Wednesday, June 24, 2015

James Horner in Memoriam


Not to get morbid, but I wanted to write a something about one of my favorite composers. James Horner loss is monumental for today’s cinema. He was killed in a plane crash on Monday.   There are/wereL three great cinema composers for the modern age, John Williams, Hans Zimmer and James Horner. I’ll give the edge to Williams because I am more of a Star Wars fan, but Horner was every bit as good (I’m two sentences in and it’s hard to write in the past tense about him).  He was simply awesome. A great soundtrack/musical score can elevate a movie from good to great and a great movie to spectacular. Knowing what music to play in a movie greatly increases the scenes impact. Horner was magnificent at striking the right tone with music for specifics scenes. I won’t go into every movie the man composed, but I want to touch on a few of my favorites.
Star Trek II the Wrath of Khan. Really kicks off the Star Wars vs Star Trek debate. Trekkie I’m sure will favor Horner due to his iconic score in Khan. It hits all the right notes, from the unveiling of the Enterprise, Kirk getting left on the Asteroid, and the amazing end fight sequence.
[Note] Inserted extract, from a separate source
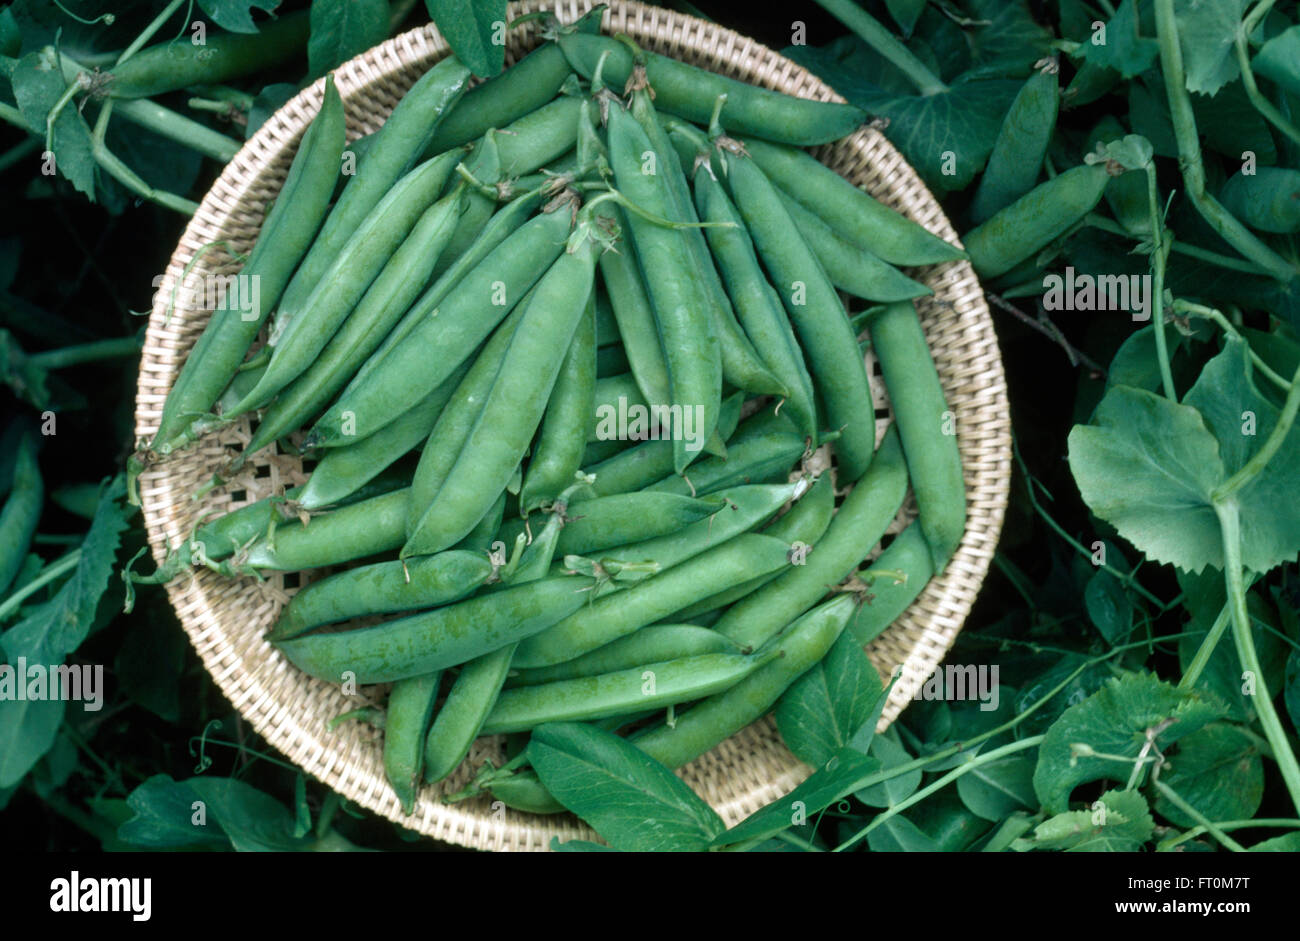 Close-up of a basket of freshly picked peas Stock Photo

Krull, read my review of my re-watch of Krull. I love the soundtrack of the movie. It sounds a bit like the Star Trek, but that’s ok, it worked for both. The soundtrack just screams fantasy movie. Love the French horns in the title sequence.
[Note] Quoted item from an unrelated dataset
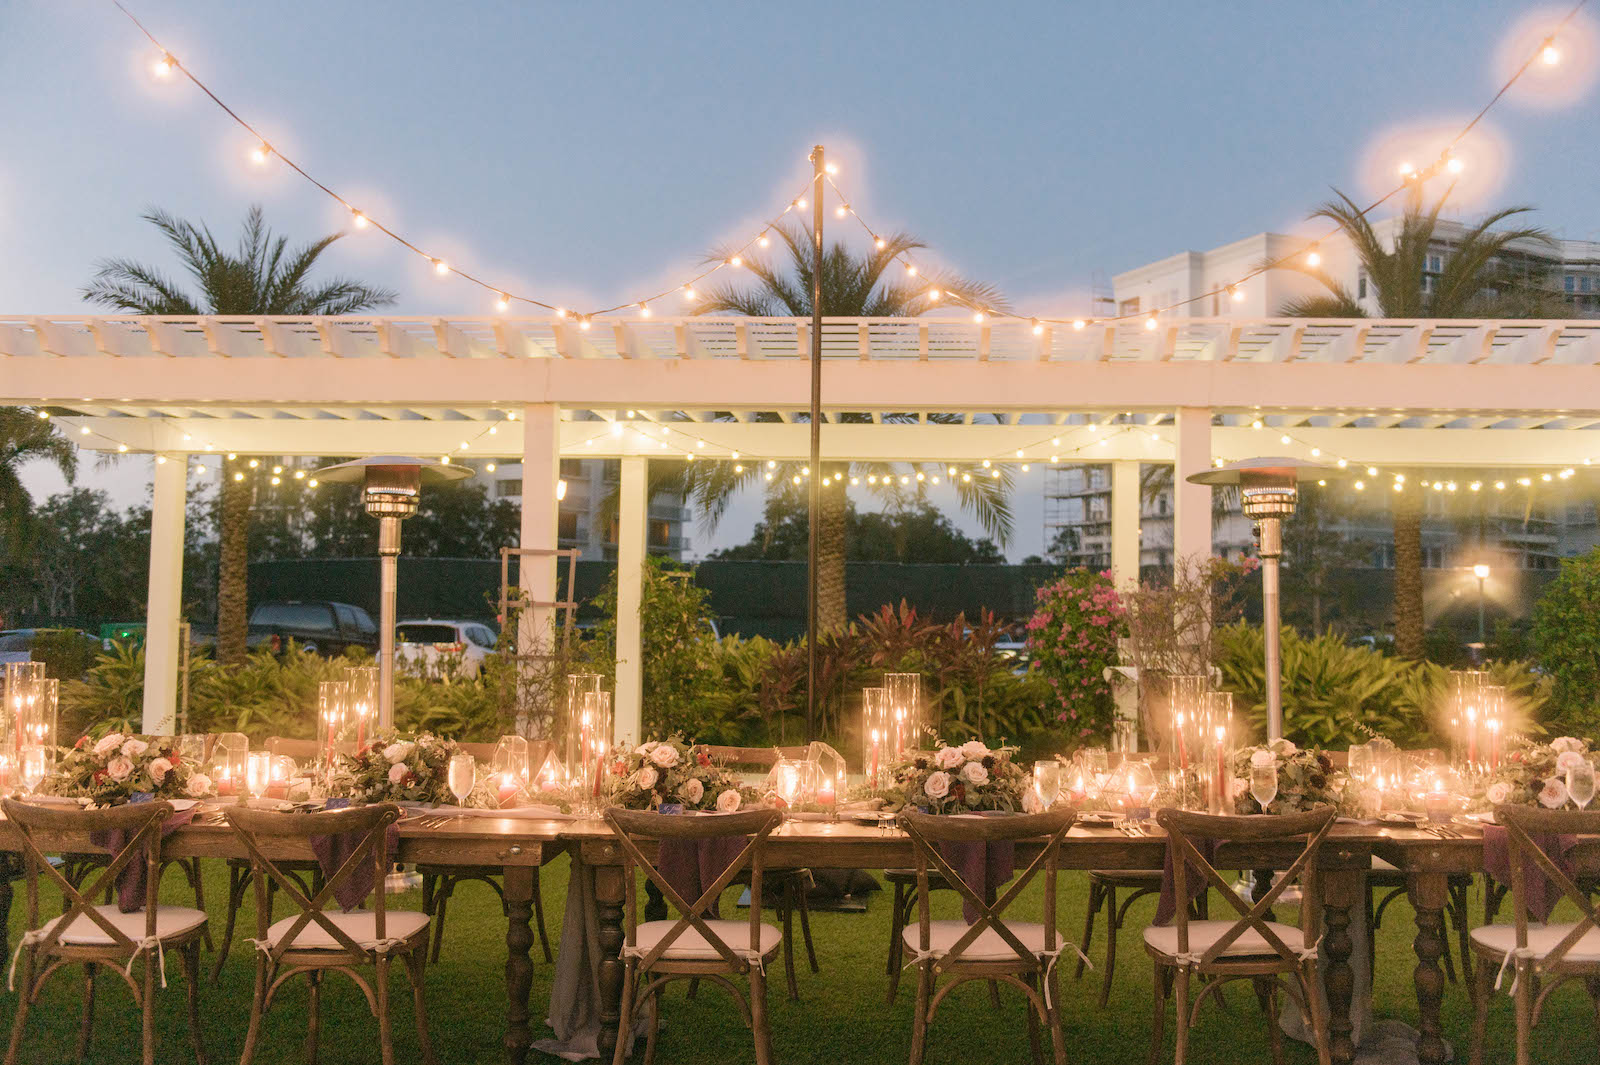 Boho Garden Outdoor Wedding Reception, Long Wooden Feasting Table, White Pergola, Wooden Cross back Chairs, Candles, Low Floral Centerpieces, String Lights | Tampa Bay Wedding Planner Parties A'la Carte | Belleair Wedding Venue Belleview Inn

Willow is another fantasy epic, and one of my favorites from my childhood. The music accompanies our hero’s on their journey. It moves along with them, which is just what is called for since Willow must go on an epic adventure.  

The Land Before Time is one of my favorite non-Disney animated movies. The scene of the mother’s death still touches me today, and Horner did an amazing job with the music. It was a hard movie to watch when I was young because of the death. I didn’t want to watch with my boys because the scene was so emotional to me when I was a younger, (yes I know I’m a sap as well as a nerd and geek). The movie is a big part of this, without it the scene isn’t as impactful. It’s understated, but perfect for the sequence.

Braveheart. Do I really need to talk about this one? One of the best scores of all time, hands down.  The movie is great, the score makes it amazing. Right in line with Braveheart is Apollo 13. It is such a tense movie, and Horner’s score touches all the right notes.



Troy, not the greatest movie, but I loved the score. I liked the movie, probably because the score added to my enjoyment. Without Horner providing a great soundtrack the movie would be hard to watch.  Avatar wasn’t the best movie, but it was stunningly visually and Horner added to the epic feel of the movie with his soundtrack.


The best for last. Field of Dreams. What man/boy doesn’t tear up at the end sequence of Field of Dreams? Hell, I could tear up just thinking about it. The scene doesn’t have the same impact without the music. Try watching the scene without the music, it just doesn’t work. It is not just this scene, it is the entire movie. The mysticism and belief needed for the movie to work was extremely high, and Horner was able to provide a gateway to this belief with his music.


Simply put, I loved Horner’s work. His work enhanced movies and raised them to an astonishing level. He will be missed by millions of fans, and I don’t think I’m overstating this. People may not even realize they will miss him, but a giant hole has been left in movies today.  My thoughts go to his family and friends, and hopefully the soundtrack of his life lives on forever in their hearts.